Espero porque hace mucho que no veo a mis padres, tengo miedo porque sé que tendré que enfrentarme a una serie de preguntas sin respuesta.
En el viaje más reciente de regreso a su ciudad natal, Phuc decidió quedarse un día más porque su madre dijo que hacía mucho tiempo que su hijo no regresaba. Pero en el cuarto día, tomó la iniciativa de comprar un billete de regreso a la ciudad de Ho Chi Minh antes de lo previsto.
En el coche, Phuc no se sintió tan aliviado como pensaba.
Abrió el teléfono y vio un mensaje de texto de su madre: "Vuelve a casa y dile a mamá".
Phúc no respondió de inmediato.
En ese momento estaba a la vez molesto y avergonzado.
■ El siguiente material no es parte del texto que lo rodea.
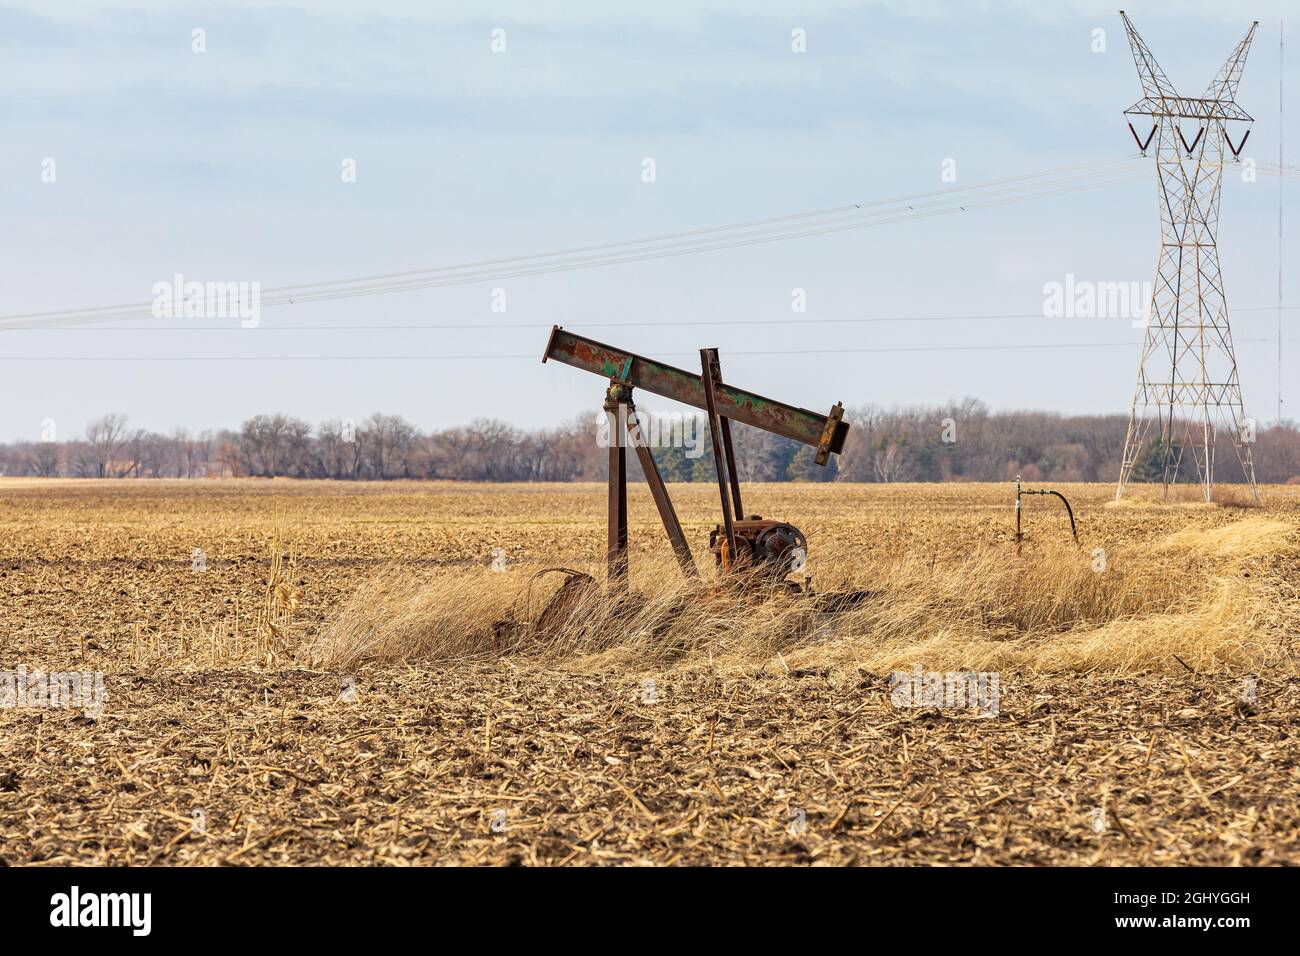 Ancienne pompe de puits de pétrole orpheline dans le champ agricole. Abandon de puits de pétrole, désaffectation, et concept de production de pétrole. Banque D'Images

No quería volver a casa porque estaba cansado, pero cuando me iba, lo extrañaba", dijo.
En los días siguientes, el trabajo de Phuc se vio afectado. Se durmió tarde, no quería ver a sus amigos, muchas veces se sentaba frente a la computadora pero no se concentraba.
Llamó a casa varias veces, pero la conversación suele ser muy corta. Ambas partes parecen evitar mencionar lo que sucedió durante el viaje de regreso a casa.
Cuanto más se callaba, más incómodo se sentía Phuc. Una vez pensó en reducir el número de veces que volvía a casa para evitar las discusiones. Pero después de unos meses sin volver, él fue quien extrañó su casa.
A veces pienso que tal vez debería quedarme en la ciudad para siempre, no volver más. Pero pensar en no ver a mis padres todo el año tampoco puedo soportarlo", dijo Phúc.
Phúc está atrapado entre dos opciones que le hacen sentir incómodo: regresar a su ciudad natal es estresante, quedarse en la ciudad lo hace extrañar su hogar.
Todavía no he encontrado una solución completa.
Las siguientes veces que regresó a su ciudad natal seguían siendo un ciclo. Antes de irse, Phuc estaba emocionado. Después de unos días en casa, comenzó a sentirse sofocado. Cuando regresó a la ciudad de Ho Chi Minh, tardó unos días en calmarse.
Quizás lo más difícil no sea elegir volver o no volver. Sino que no sé cómo decirles a mis padres que también estoy tratando de vivir mi vida", dijo Phúc.
Y esa es la pregunta que Phúc todavía lleva consigo después de cada viaje en coche lejos de su ciudad natal: ¿cómo volver a casa sin sentir que está volviendo a una vieja vida, pero tampoco tener que dar la espalda a su familia?